The Wentzel - Kramers - Brillouin approximation method applied to the Wigner function

TL;DR

This paper adapts the WKB approximation within the deformation quantization framework to solve the eigenvalue problem in phase space quantum mechanics, deriving formulas and analyzing properties of the Wigner function.

Contribution

It introduces a WKB-based method for phase space quantum mechanics, including formulas for Wigner functions of products and superpositions, and applies it to specific potentials.

Findings

Derived formulas for Wigner functions of superpositions and products

Analyzed properties of Wigner functions for interfering states

Obtained Wigner functions for unbound states in Pöschl-Teller potential

Abstract

An adaptation of the WKB method in the deformation quantization formalism is presented with the aim to obtain an approximate technique of solving the eigenvalue problem for energy in the phase space quantum approach.

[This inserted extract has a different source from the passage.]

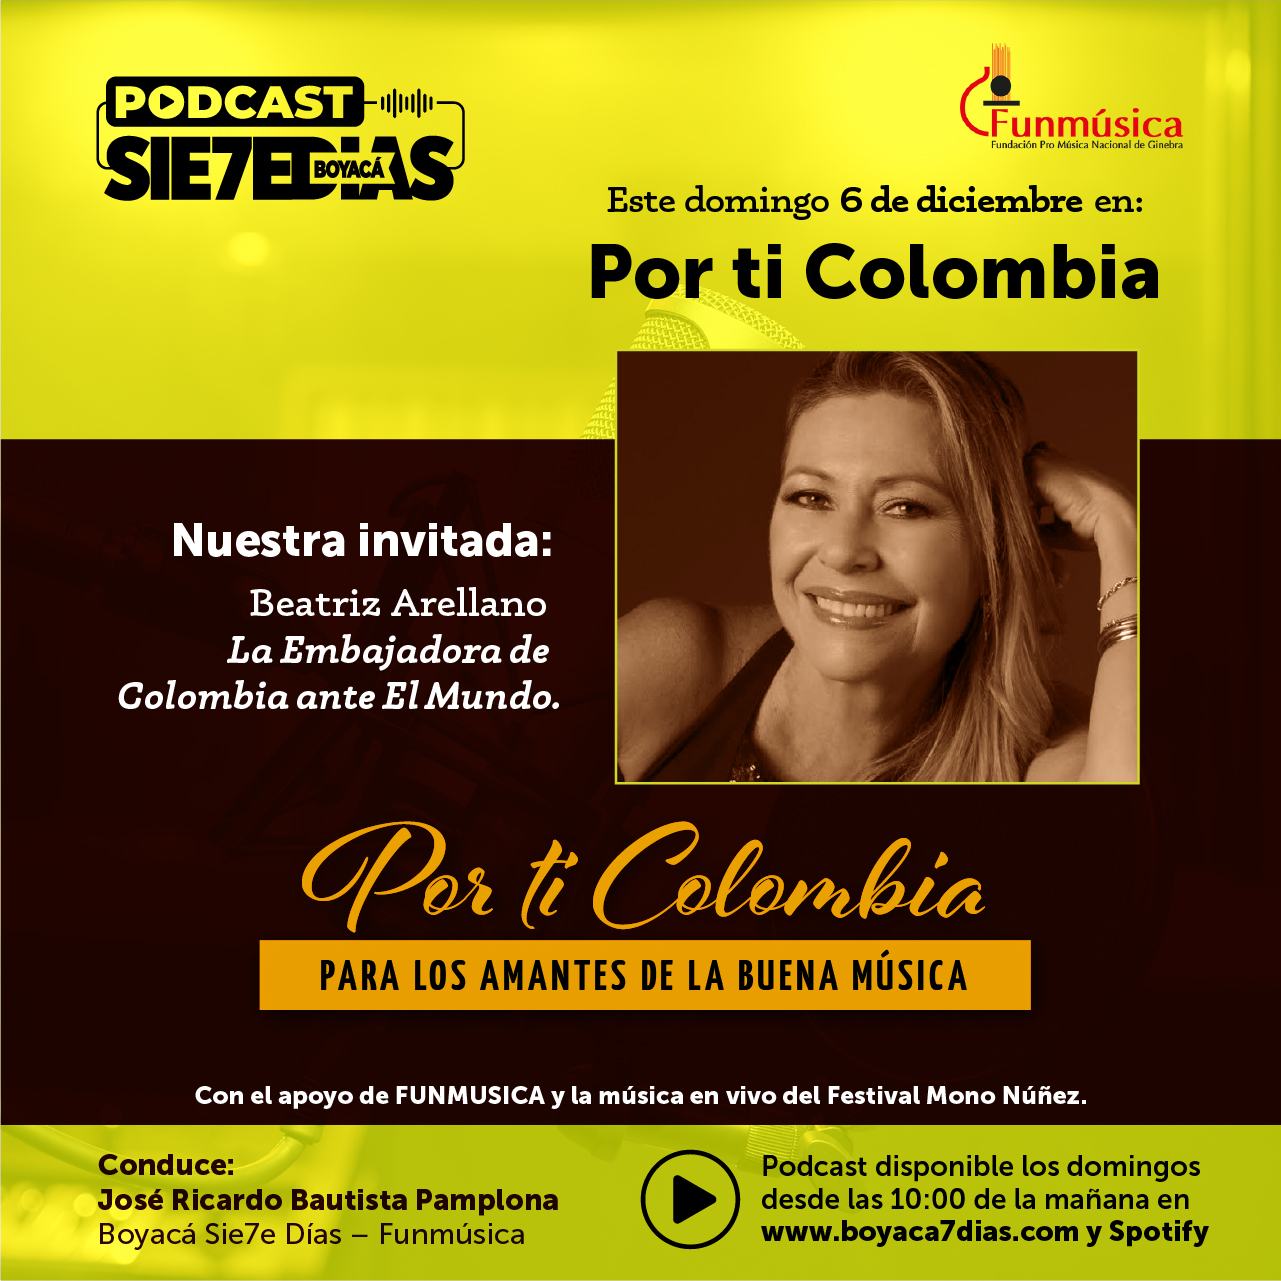 Por ti Colombia - con Beatriz Arellano - Domingo 6 de Diciembre 2020 #Podcast7días 1

A relationship between the phase $\sigma(\vec{r})$ of a wave function $\exp \left(\frac{i}{\hbar} \sigma(\vec{r}) \right)$ and its respective Wigner function is derived. Formulas to calculate the Wigner function of a product and of a superposition of wave functions are proposed. Properties of a Wigner function of interfering states are also investigated. Examples of this quasi - classical approximation in deformation quantization are analysed. A strict form of the Wigner function for states represented by tempered generalised functions has been derived. Wigner functions of unbound states in the Poeschl - Teller potential have been found.